> _Work to be completed_
In the records below, the lines between the one holding "Super Mario by" and the one holding "Sweetheart Strapless Satin", inclusive, are to be transcribed exactly; no pictures are to be included.
Segment Start: Records for the task
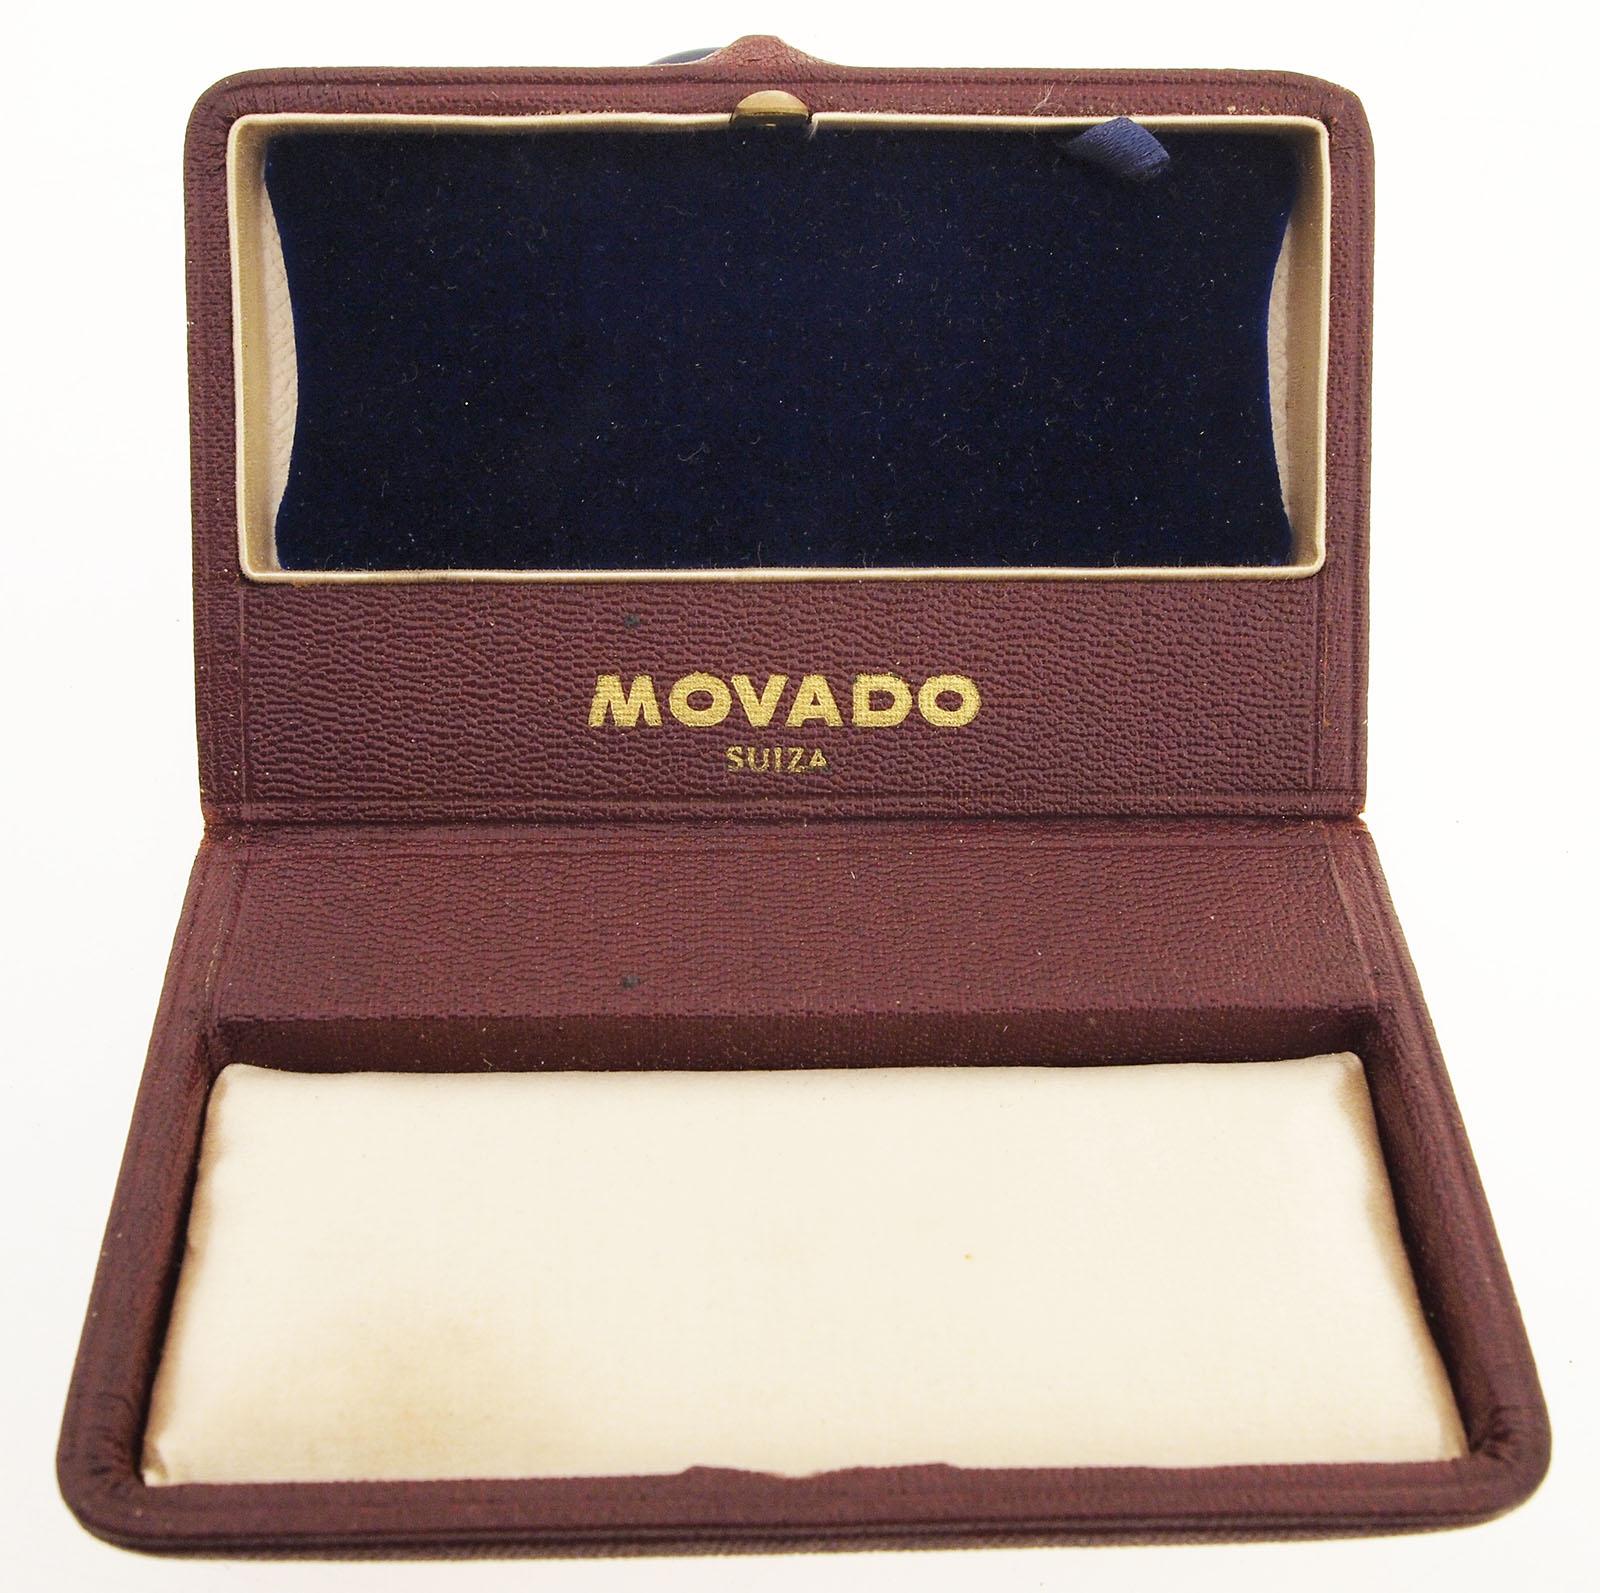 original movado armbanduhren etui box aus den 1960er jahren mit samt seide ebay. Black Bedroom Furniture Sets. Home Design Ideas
Segment End: Records for the task
Segment Start: Records for the task
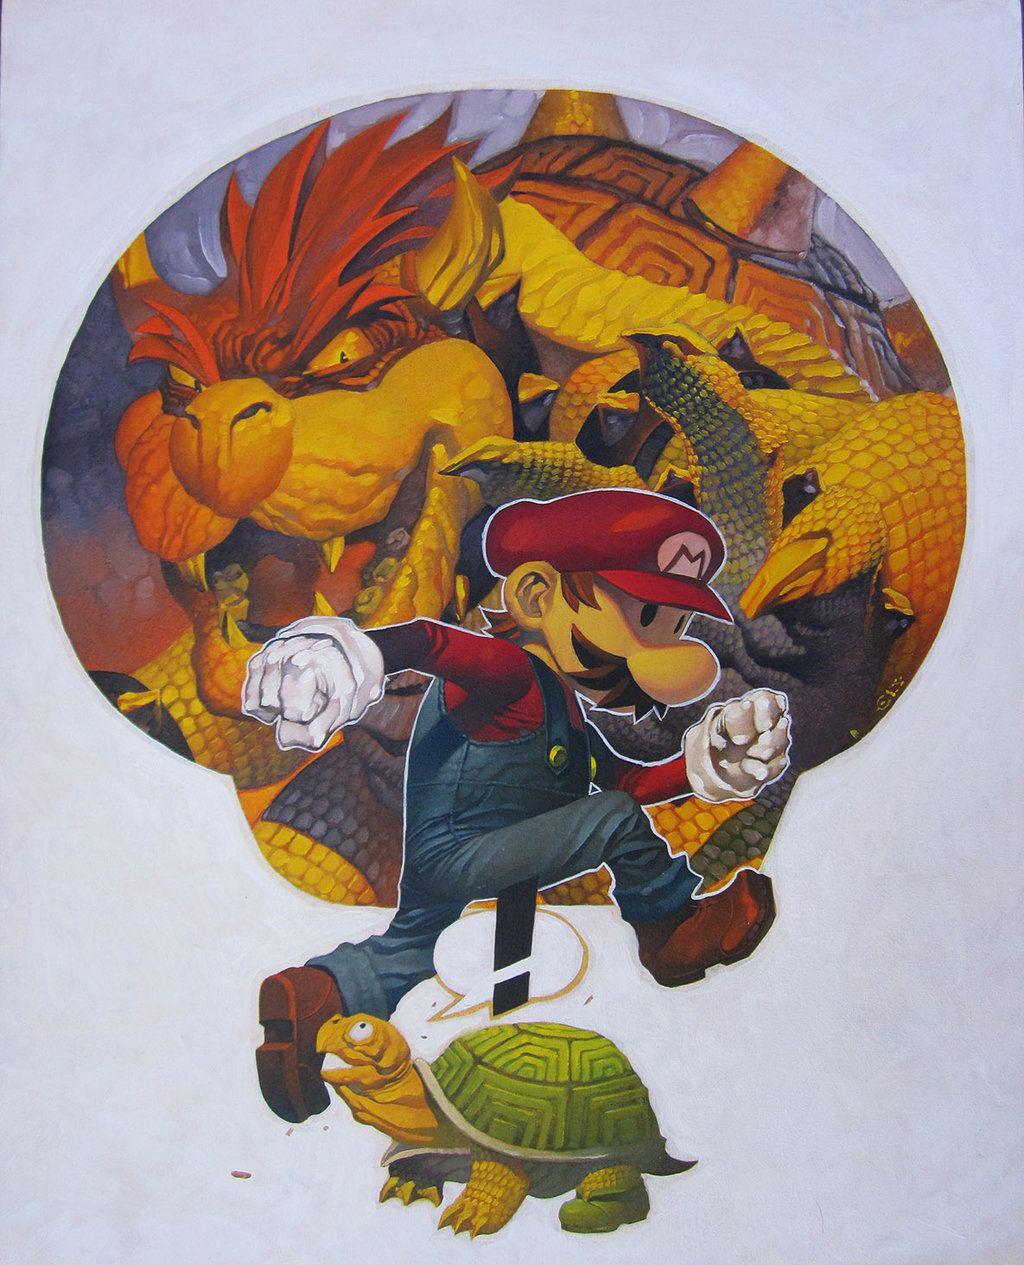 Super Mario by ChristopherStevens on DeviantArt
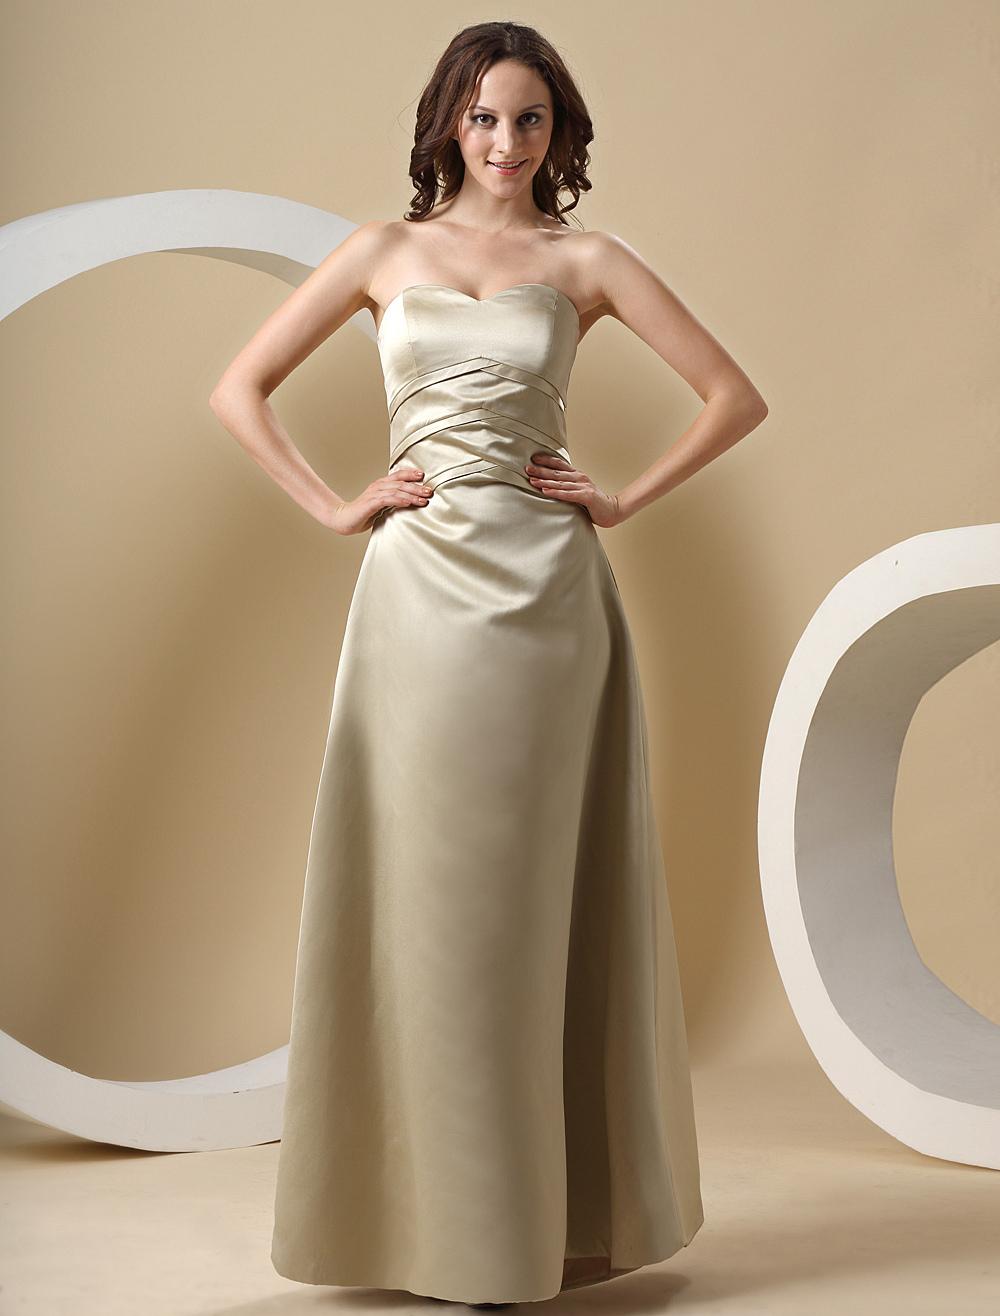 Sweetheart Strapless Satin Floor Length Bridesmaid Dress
Segment End: Records for the task
> _Solution for this exercise_
 Super Mario by ChristopherStevens on DeviantArt
 Sweetheart Strapless Satin Floor Length Bridesmaid Dress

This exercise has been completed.